# Elena House 13 yrs Richard Clayderman's "Mariage d'amour"



## arts

Hello, I am Elena. I have been playing piano for 4 years. this is my newest video.

Every week, my parents drive about 1 hour to bring me to my lesson. I thought about Skype lessons.
I take my singing lessons by email videos to my teacher.
Please advice.
Thank you!


----------



## AlainB

It's the first time I listened to this piece, and must say I love it.

Can't really criticize considering I'm a beginner pianist and because of the above. 

Also, I wonder, was this recorded at your home?


----------



## ComposerOfAvantGarde

Your musicality seems a bit mechanical at times and can get a bit boring, but your playing is very clear and well voiced. You need to play with more passion, more rubato, more dynamics. You need to draw the listener in to the music more. Don't make it sound boring or flat.

Anyway, who on earth is ruining your brain with such horrible music by Richard Clayderman??? There are so many other pieces which are so much better than this rubbish piece. Have a look at Chopin's prelude op. 28 no. 4, that should be good for your level of playing and would be a good exercise for improving your rubato and musicality in general.
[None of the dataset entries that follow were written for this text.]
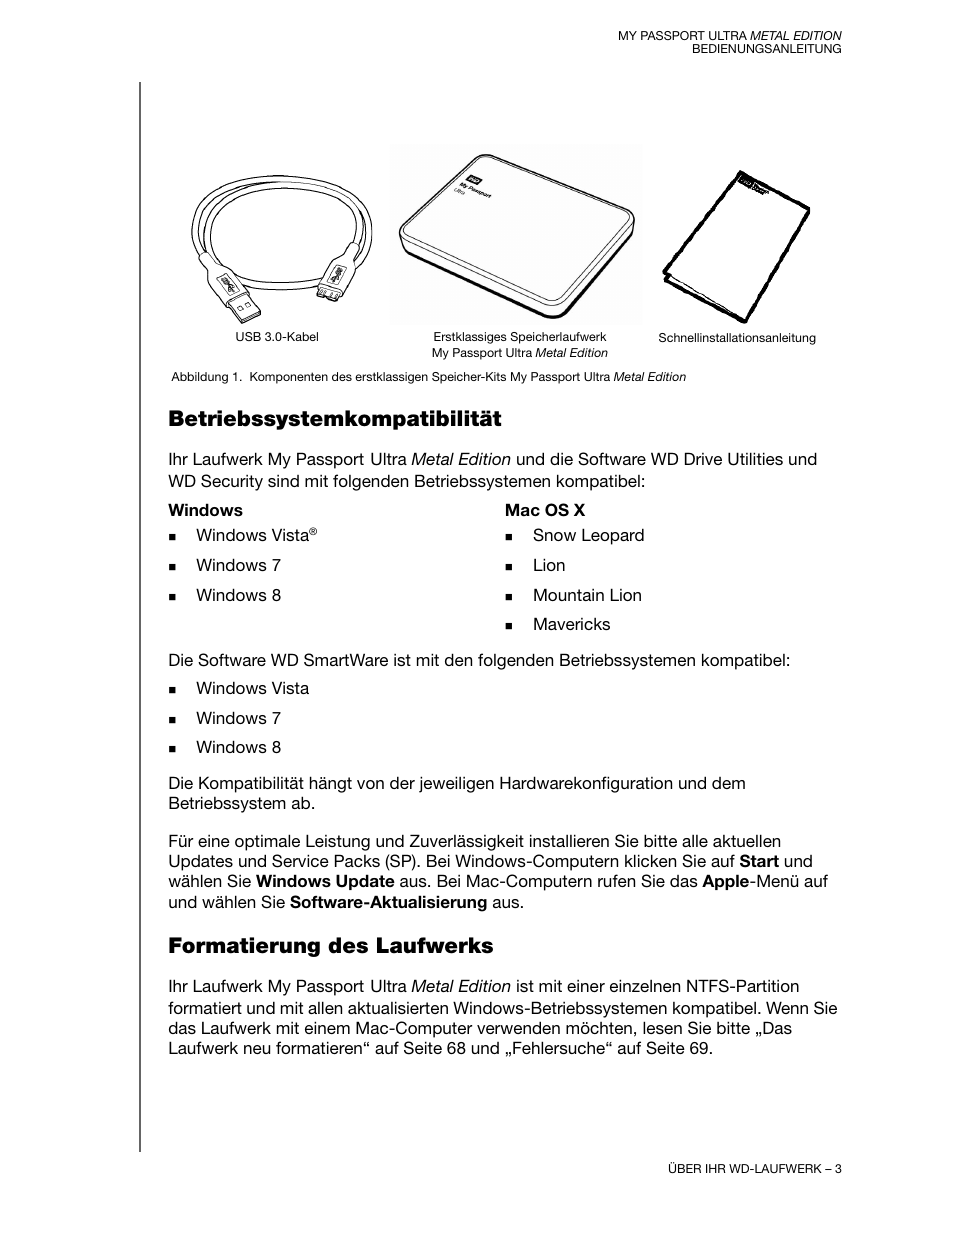 Betriebssystemkompatibilität, Formatierung des laufwerks | Western Digital My Passport Ultra Metal User Manual Benutzerhandbuch | Seite 8 / 89
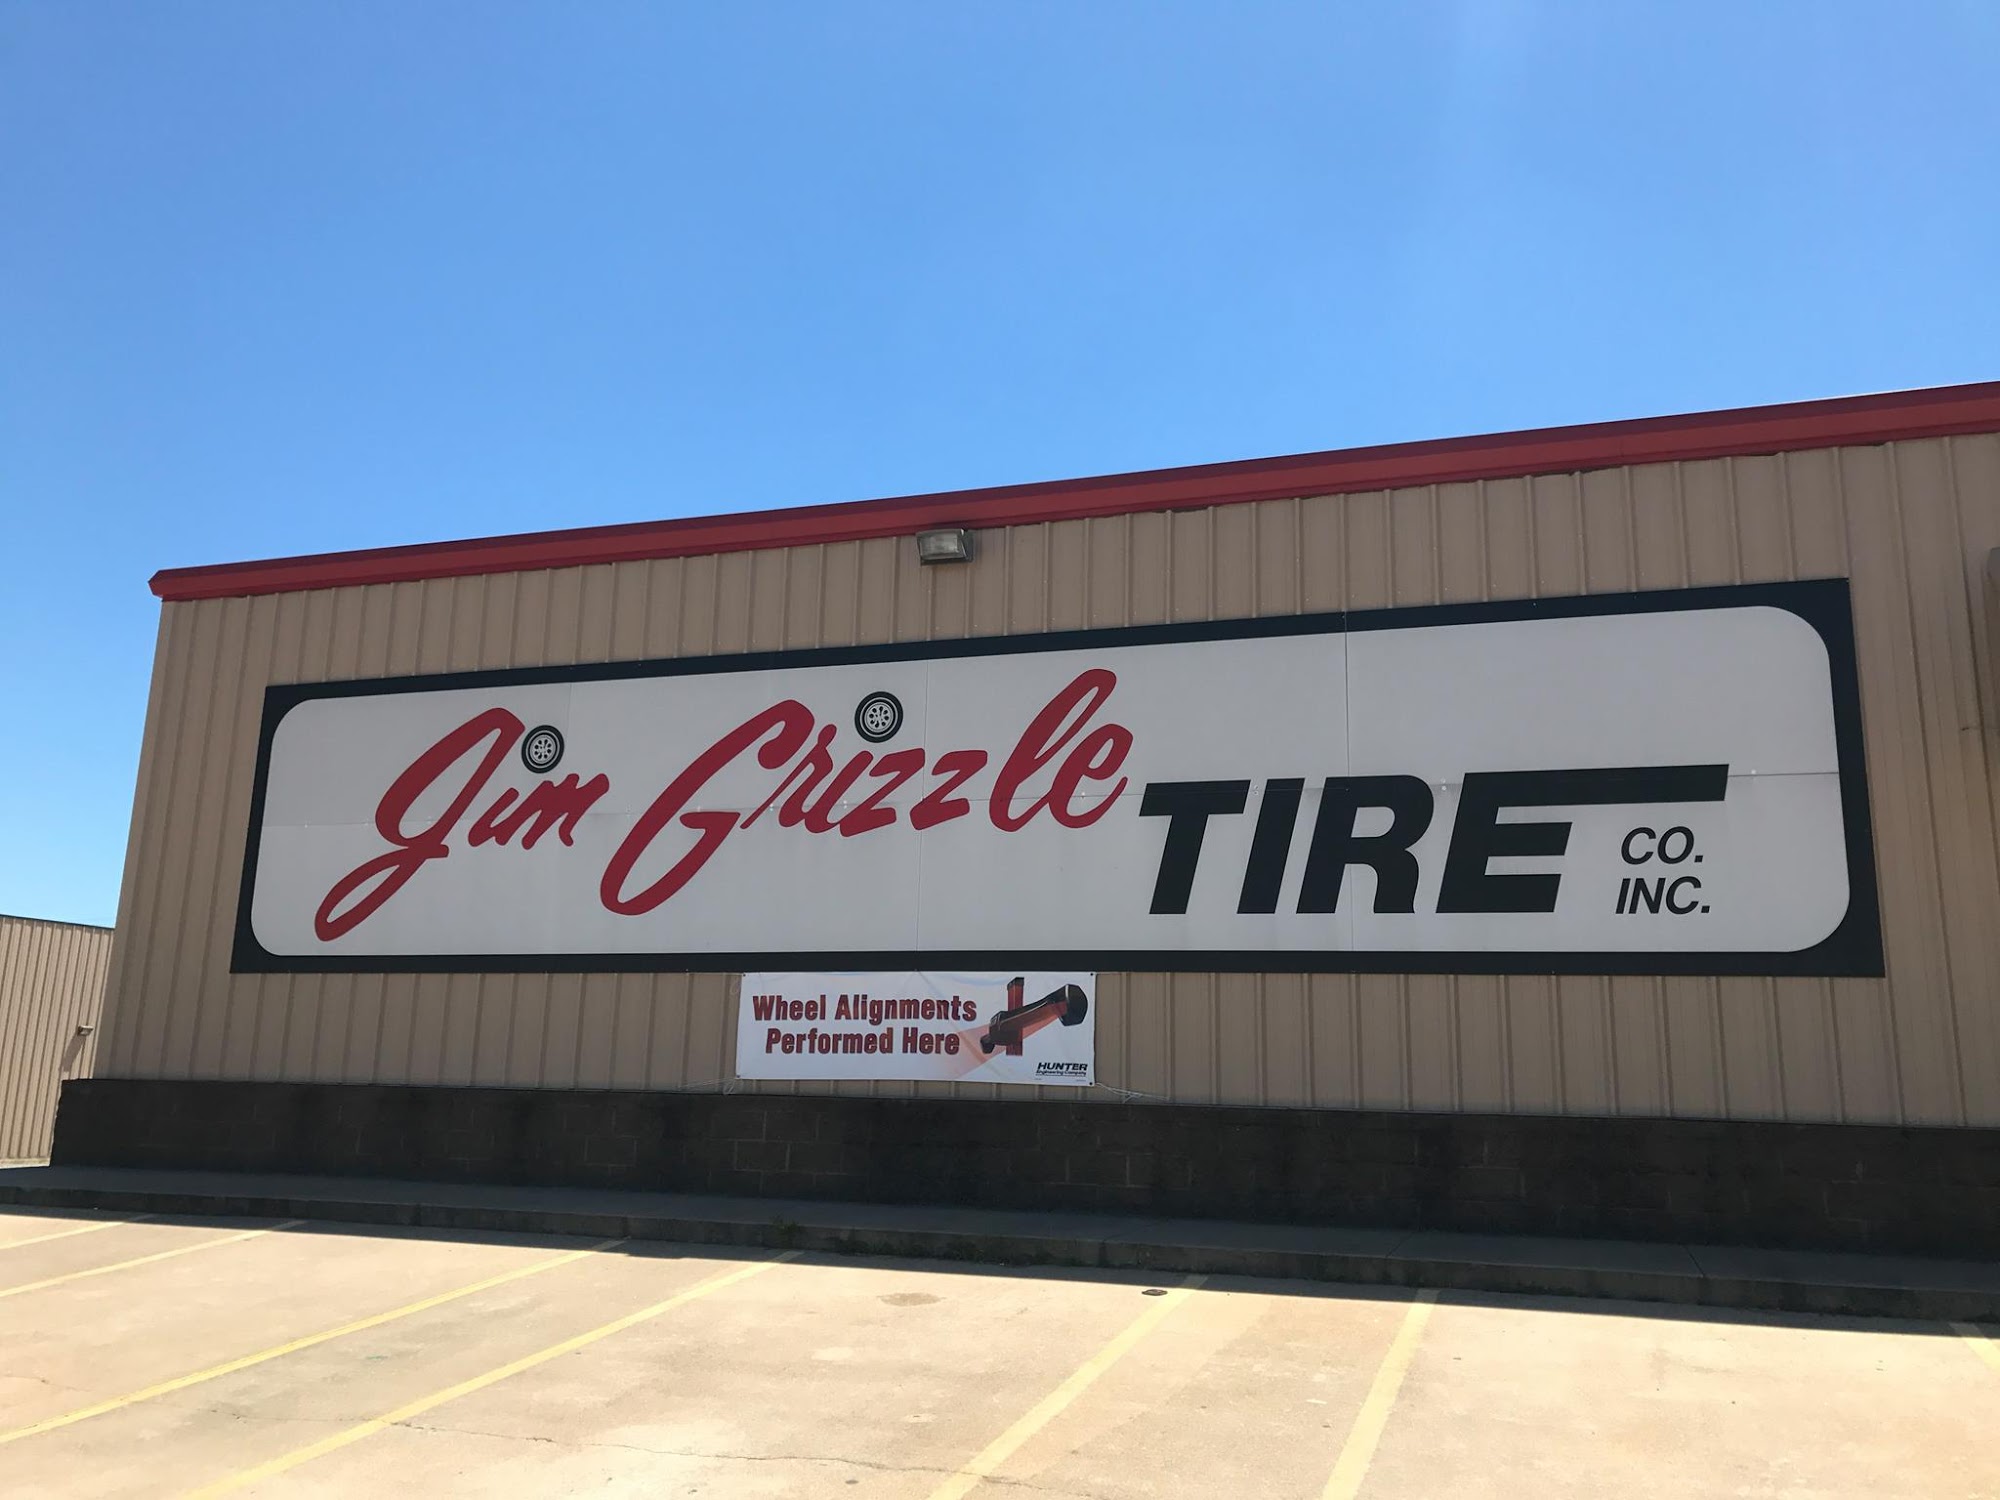 Jim Grizzle Tire Co. Inc
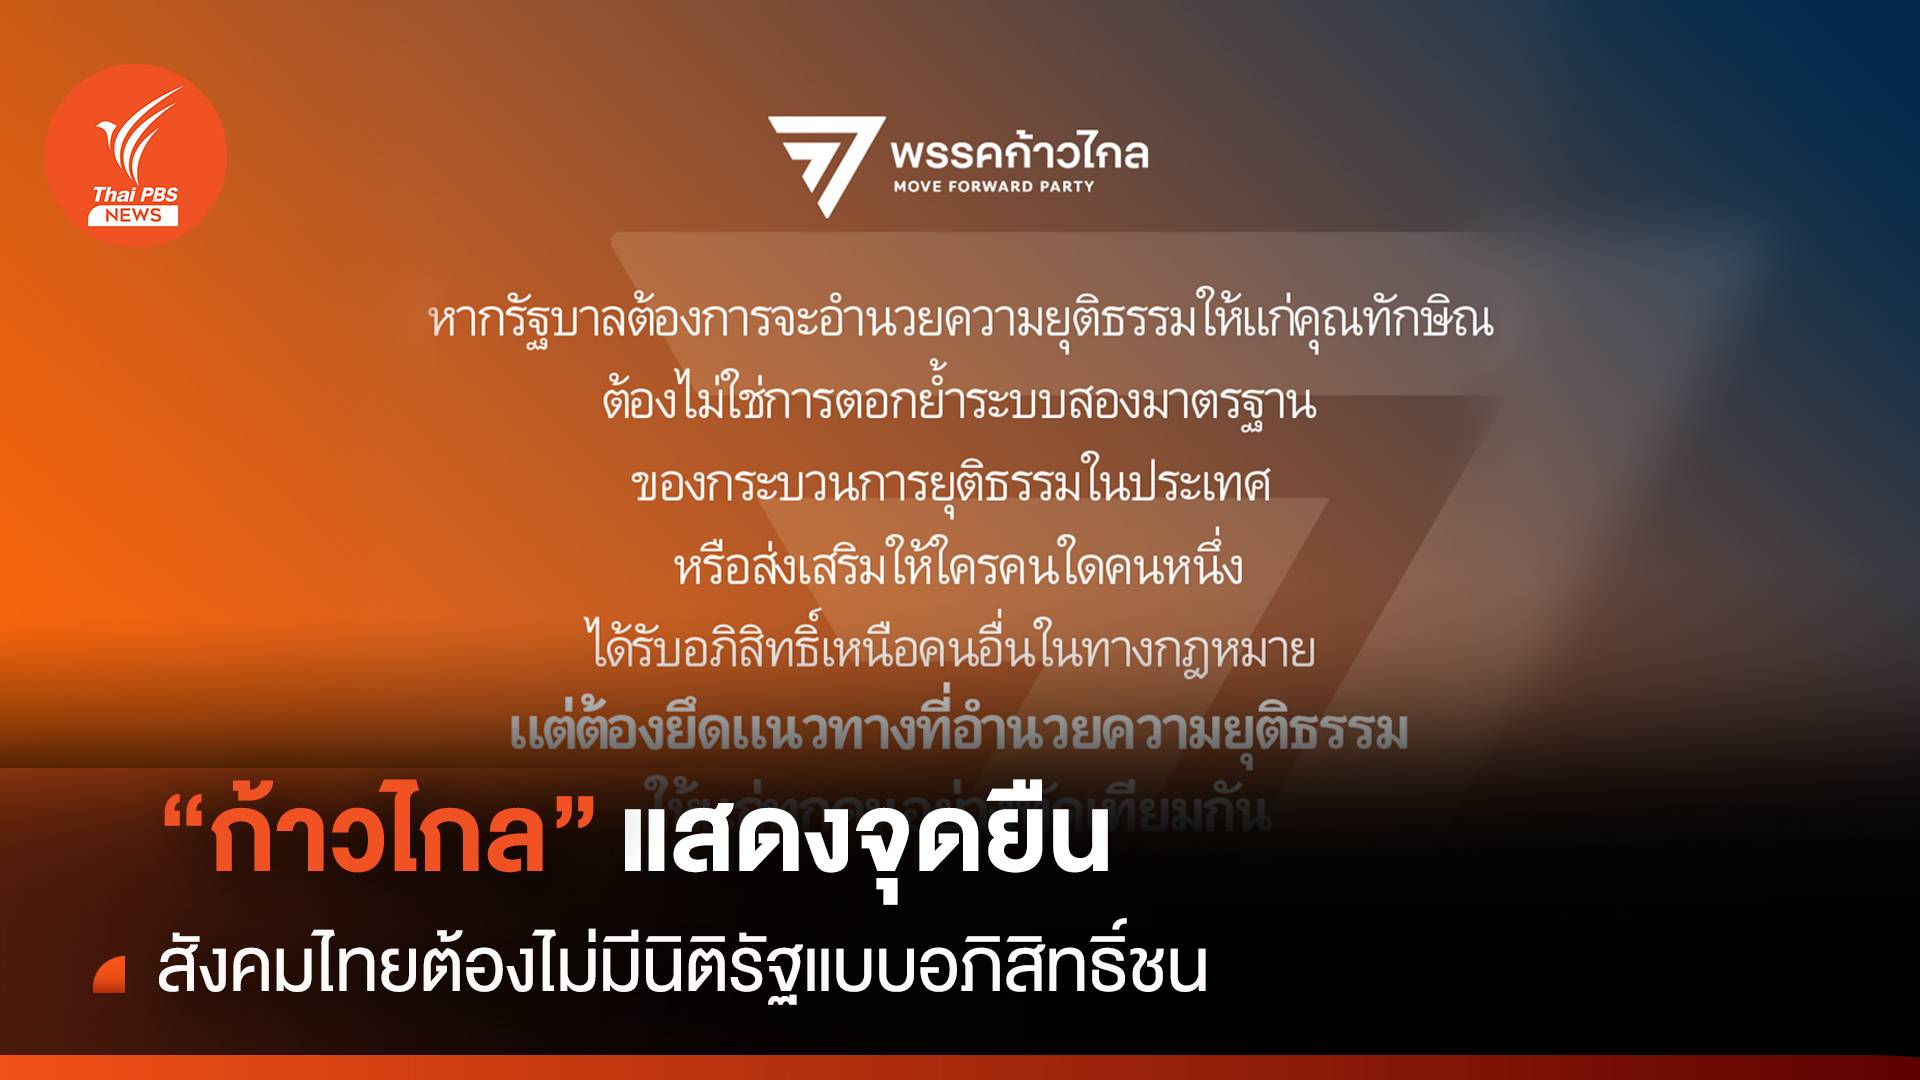 “ก้าวไกล” แสดงจุดยืน สังคมไทยต้องไม่มีนิติรัฐแบบอภิสิทธิ์ชน
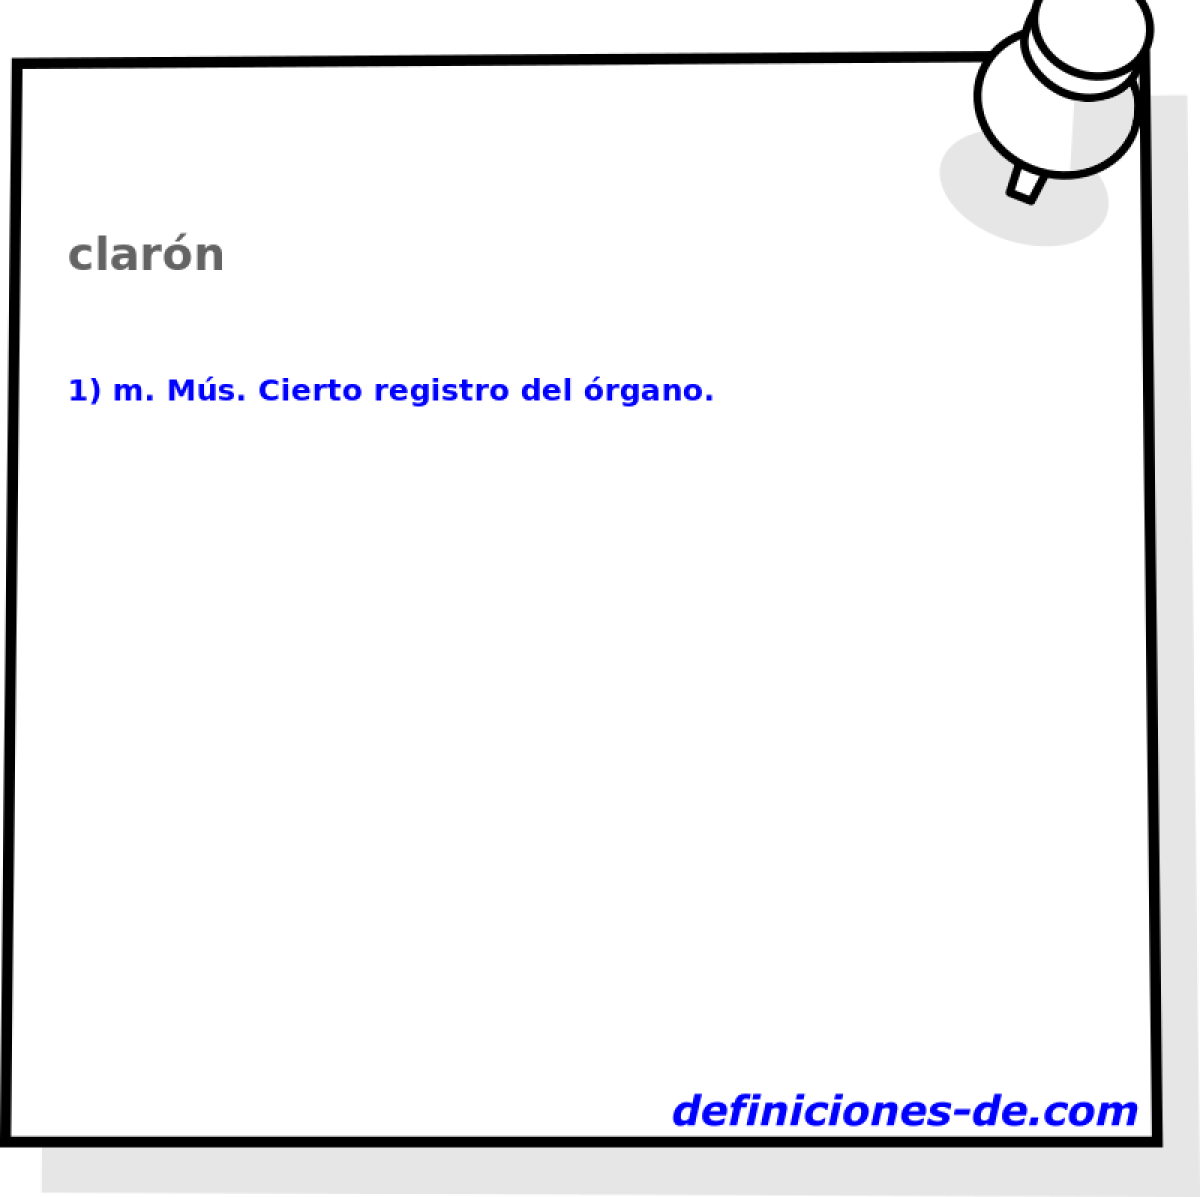 clarn

And I'm not sure if I like your dress, but that is beside the point.

You're playing wasn't too bad.

Regards,
CoAG. :tiphat:


----------



## myaskovsky2002

arts said:


> Hello, I am Elena. I have been playing piano for 4 years. this is my newest video.
> 
> Every week, my parents drive about 1 hour to bring me to my lesson. I thought about Skype lessons.
> I take my singing lessons by email videos to my teacher.
> Please advice.
> Thank you! W


Let me see...

We have some positive aspects here:

- you have beautiful hands
- you seem to concentrate on the work very much
- you seem to like what you are playing

But we have also a few negative aspects:

-This piece seems easy and boring. I really do not like it at all
- you're a bit mechanical, but this is not so important, the work is so mediocre that this changes nothing
- this seems like a little easy exercise for piano quite boring

Try Allegro Barbaro by Bartók and I think then we could better judge the way you PLAY. Try challenges. At first play for you. Before posting something, ask yourself if we're going to like it...






My son took piano lessons when he was 5 (so did I). Six months later he gave a recital: le nozze di Figaro by Mozart.

Keep this for you: If you were 6 or 7 years old, I'd say you are awesome.

By the way, Skype lessons????? It would be a big and high-tech mistake!

Best regards,

Martin


----------